Таким образом, дело объединения петербургских поэтов, начатое Вячеславом Ивановым на «башне», продолжалось в «Аполлоне». Но сама «Поэтическая академия» вскоре заглохла, отчасти из-за восставшей на символизм молодежи, с Гумилевым и Городецким во главе. Вместе они основали «Цех поэтов», который и явился дальнейшим питомником русского поэтического модернизма. <...>

Во всяком случае, даже отложив стихи Вячеслава Иванова в сторону, надо признать, что на фоне предреволюционной России Вячеслав Иванов – одна из самых ярких фигур. Недаром Н. А. Бердяев называл его «наиболее культурным человеком, какого он когда-либо встречал». Бердяев в своих публичных докладах именно так вспомнил Вячеслава Иванова, с которым был дружен еще со времен «башни» на Таврической... Вячеслав Иванов – редчайший представитель средиземноморского гуманизма, в том смысле, какой придается этому понятию начиная с века Эразма Роттердамского, и в смысле расширенном – как знаток не только античных авторов, но и всех европейских культурных ценностей.
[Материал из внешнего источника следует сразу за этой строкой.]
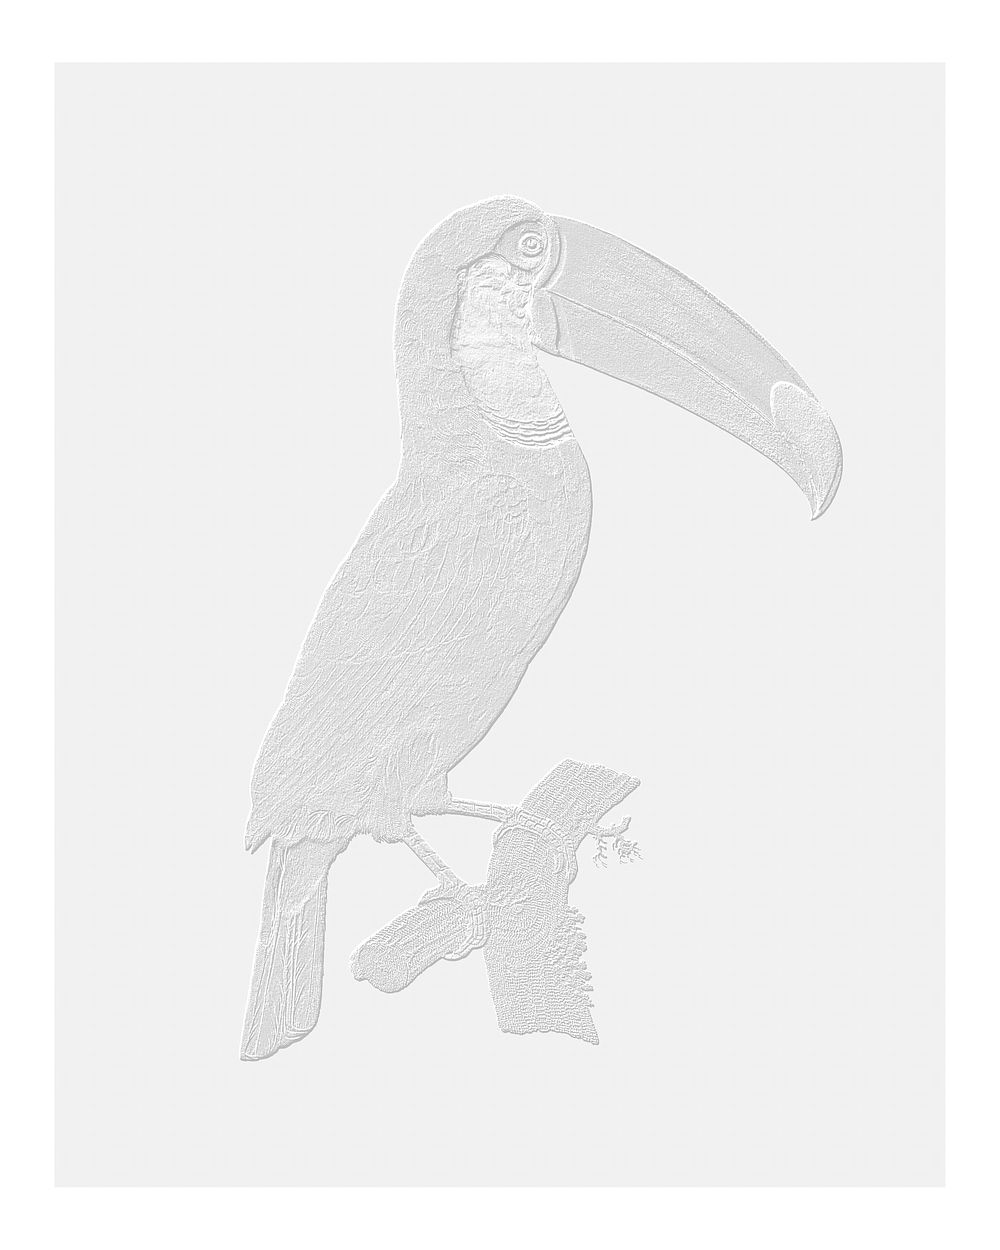 Vintage Toco toucan illustration wall art print and poster design remix from original artwork.

Он владел в совершенстве латынью и греческим – так, что сам сочинял на этих языках экспромты своим друзьям... Образцово знал он и немецкий (был учеником Моммзена), итальянский, французский, несколько хуже – английский; философов, поэтов, прозаиков всего западного мира он читал в подлиннике и перечитывал постоянно; глубоко понимал также и живопись, и музыку... Никогда не забуду вечеров, которые я проводил у него в обществе А. Н. Скрябина (в предсмертные годы композитора). Каким знатоком гармонии выказывал себя Вячеслав Иванов-эзотерист в этих беседах со Скрябиным-оккультистом, мечтавшим о музыкальном храме на необитаемом острове Индийского океана!..

Другим «центром притяжения» для всех, кто имел хотя бы малое отношение к культуре, являлись северные окрестности Петербурга, а именно – селение Куоккала, где жили на дачах художник И. Е. Репин и «дядя Облей» – К. И. Чуковский.

Писатель С. Н. Сергеев-Ценский вспоминал о поездке в Куоккалу:

В Куоккалу, дачную местность под Петербургом, я попал в декабре 1909 года только потому, что жизнь там расхвалил мне К. И. Чуковский, имеющий в Куоккале свою дачу. Он же нашел дачу и для меня, и я заочно взял ее в аренду на зиму.